The same three configurations of the PowerEdge R750xa server were benchmarked. Each configuration used SDD-Large as the base model and we observed performance in both the Offline and Server scenarios. The configuration that relied on the Triton Inference Server performed slightly faster in the Offline scenario with 3,638 samples per second. In the Server scenario, the configuration without the Triton Inference Server performed best at 3,252 samples per second, approximately 14 percent faster than the other configurations. Once again, each configuration performed comparably with or without the Triton Inference Server or MIG. For object detection, all configurations ranked highly for 4 x PCIe GPU configurations.
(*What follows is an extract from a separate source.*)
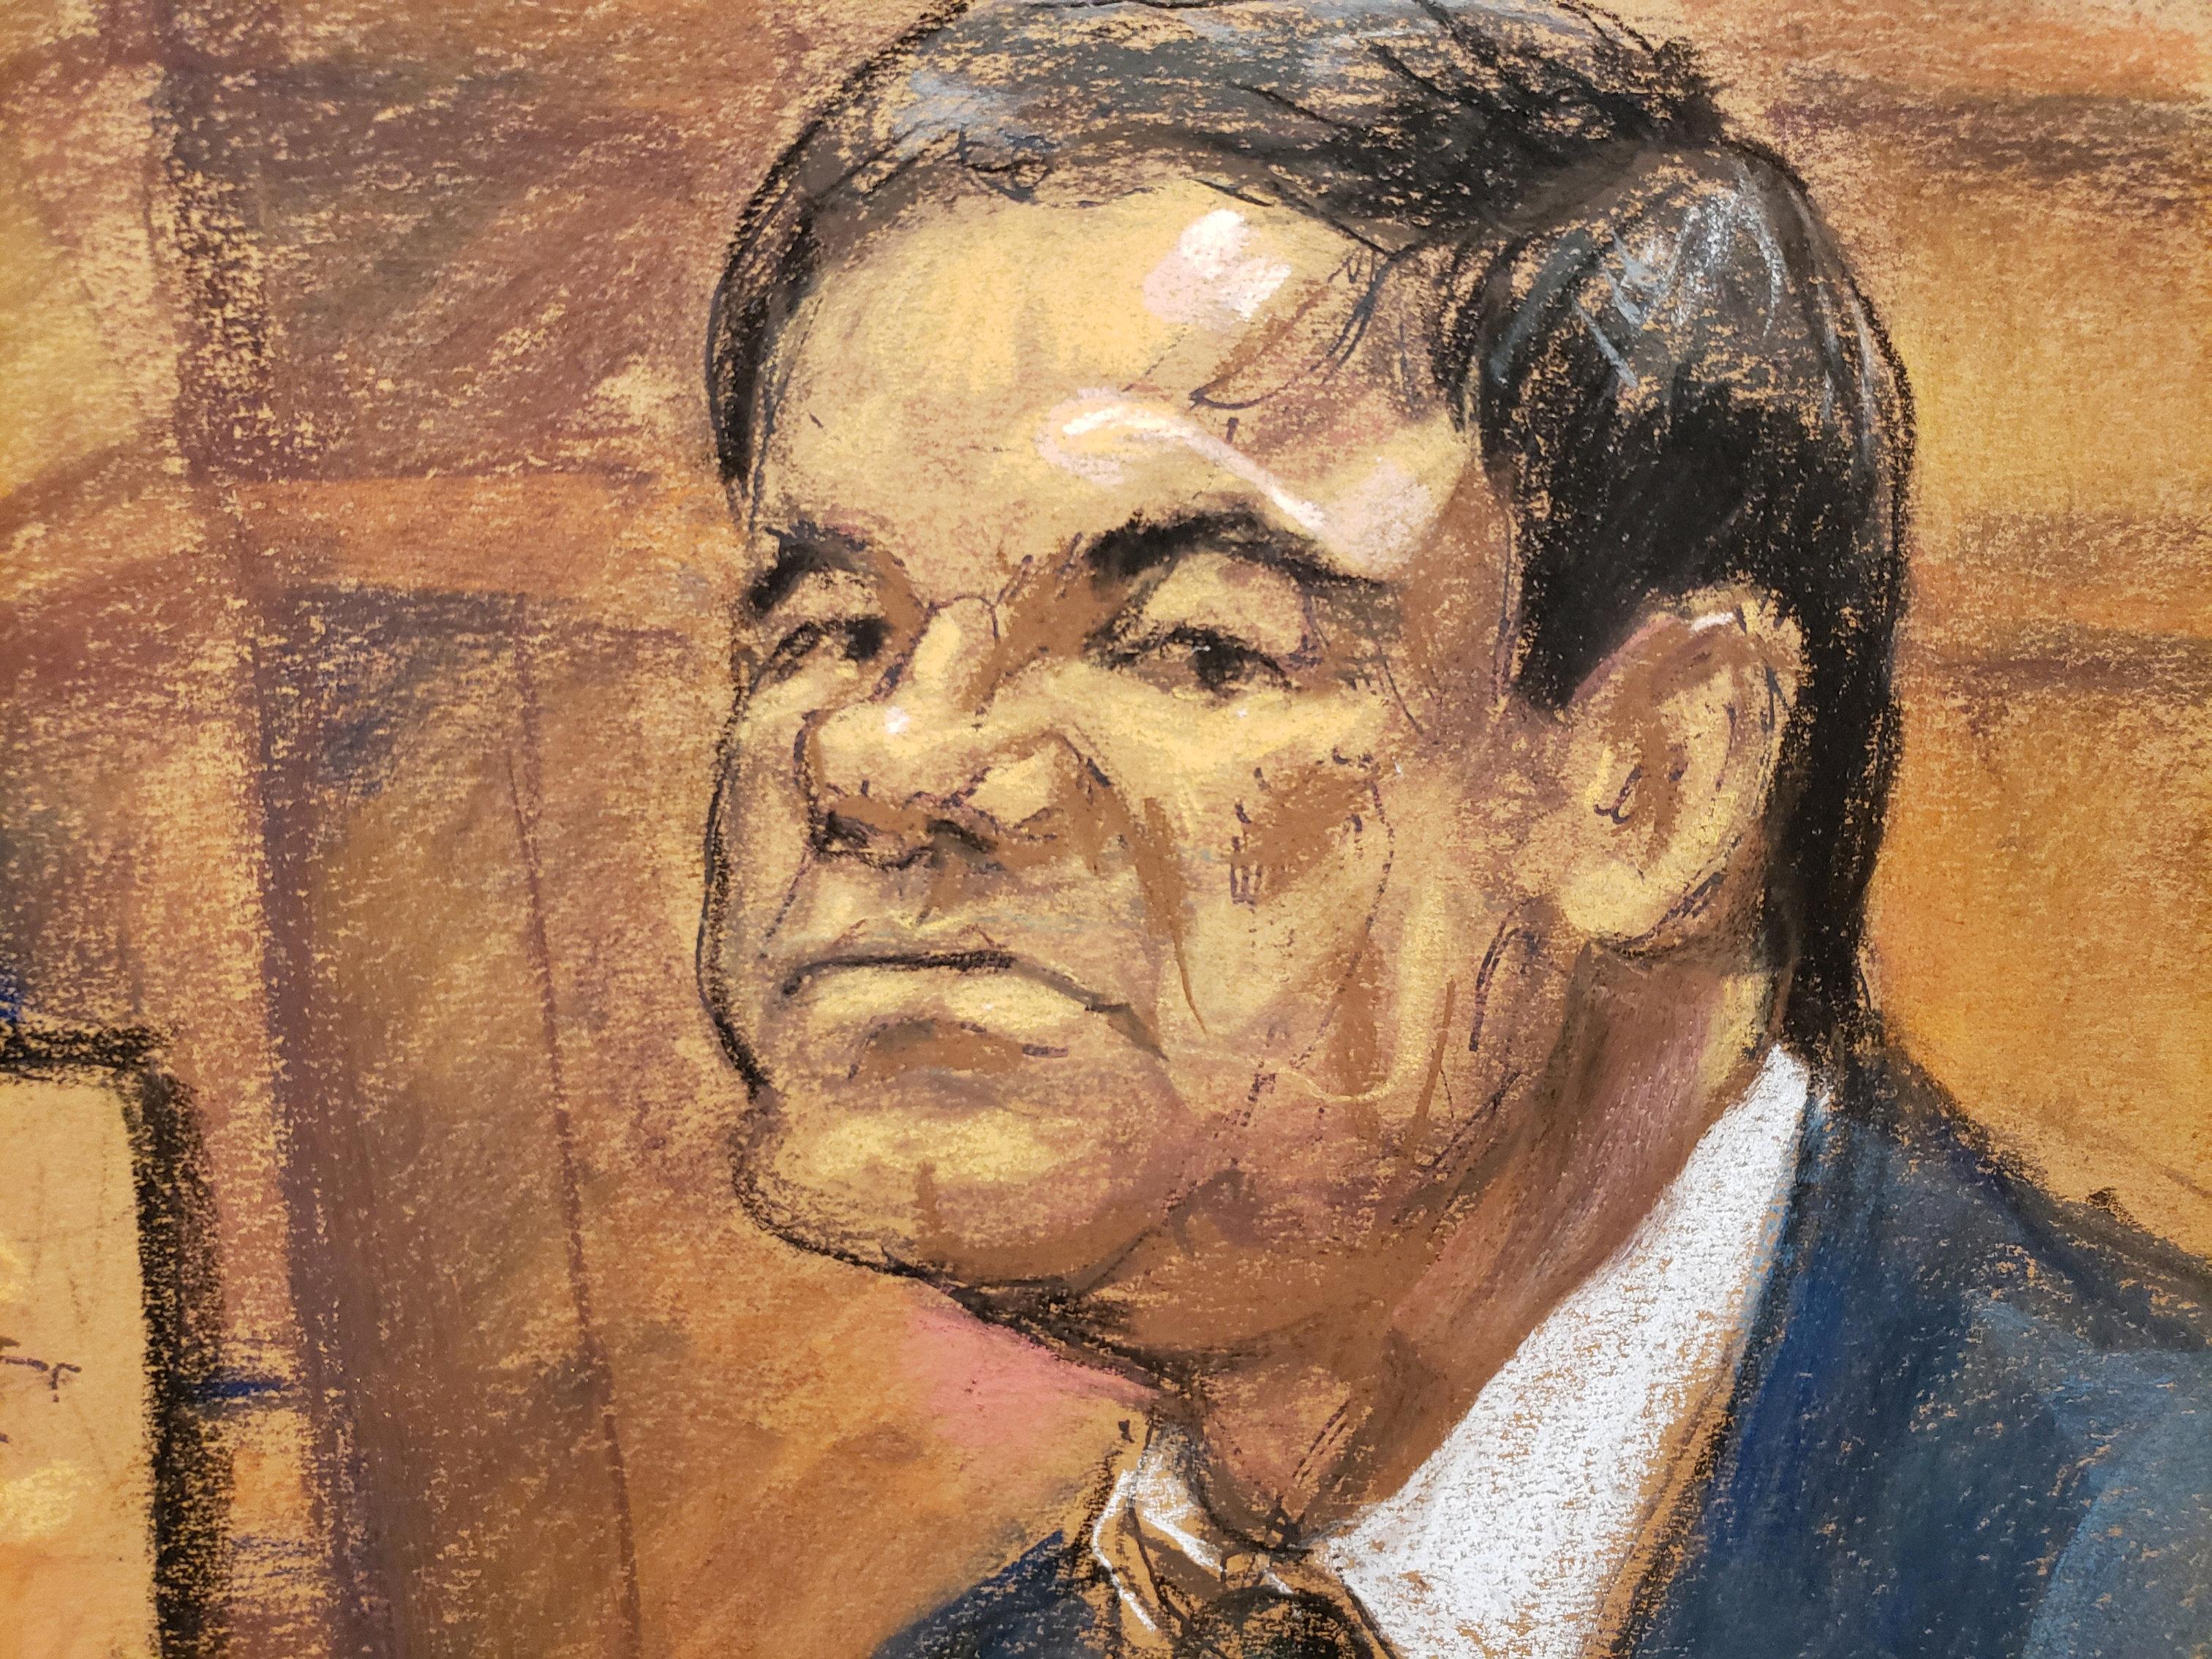 El juicio en contra del capo entró en una pausa por las festividades decembrinas (Foto: REUTERS/Jane Rosenberg)

In addition to image classification, NLP, and object detection, the PowerEdge R750xa server was benchmarked for medical image classification, speech-to-text processing, and recommendation systems. The following table shows the best performance of the PowerEdge R750xa server, which relies on 4 x GPU A100 acceleration without the Triton Inference Server or MIG, and its respective performance in both the Offline and Server scenarios for each of the major tasks identified in Table 1.
Table 3: Performance of the PowerEdge R750xa server 4x A100-PCIe (80 GB) on TensorRT
Area | Task | Model | Mode | Samples per second |
Vision | Image classification | Resnet50-v1.5 | Offline | 146,878 |
Vision | Image classification | Resnet50-v1.5 | Server | 135,025 |
Vision | Object detection (large) | SSD-ResNet34 | Offline | 3,634 |
Vision | Object detection (large) | SSD-ResNet34 | Server | 3,252 |
Vision | Medical image segmentation | 3D UNet 99 | Offline | 231 |
Vision | Medical image segmentation | 3D UNet 99.9 | Offline | 231 |
Speech | Speech-to-text | RNNT | Offline | 53,113 |
Speech | Speech-to-text | RNNT | Server | 48,504 |
Language | Language processing | BERT-99 | Offline | 12,773 |
Language | Language processing | BERT-99 | Server | 11,701 |
Language | Language processing | BERT-99.9 | Offline | 6,397 |
Language | Language processing | BERT-99.9 | Server | 5,683 |
Commerce | Recommendation | DLRM-99 | Offline | 1,136,410 |
Commerce | Recommendation | DLRM-99 | Server | 1,136,670 |
Commerce | Recommendation | DLRM-99.9 | Offline | 1,136,410 |
Commerce | Recommendation | DLRM-99.9 | Server | 1,136,670 |
The results show that the system performed well in all tasks, ranking highly for each. These results show that the PowerEdge R750xa server is a solid system with flexibility for handling most AI problems that you might encounter.
Conclusion
In this blog, we quantified the performance of the PowerEdge R750xa server in the MLCommons Inference v1.1 performance benchmarks. Customers can use the submitted results to evaluate the applicability and flexibility of the PowerEdge R750xa server to address their needs and challenges.
The results in this blog show that the PowerEdge R750xa server is a flexible choice for AI inference problems. It has the flexibility to meet the inference requirements across many different scenarios and workload types.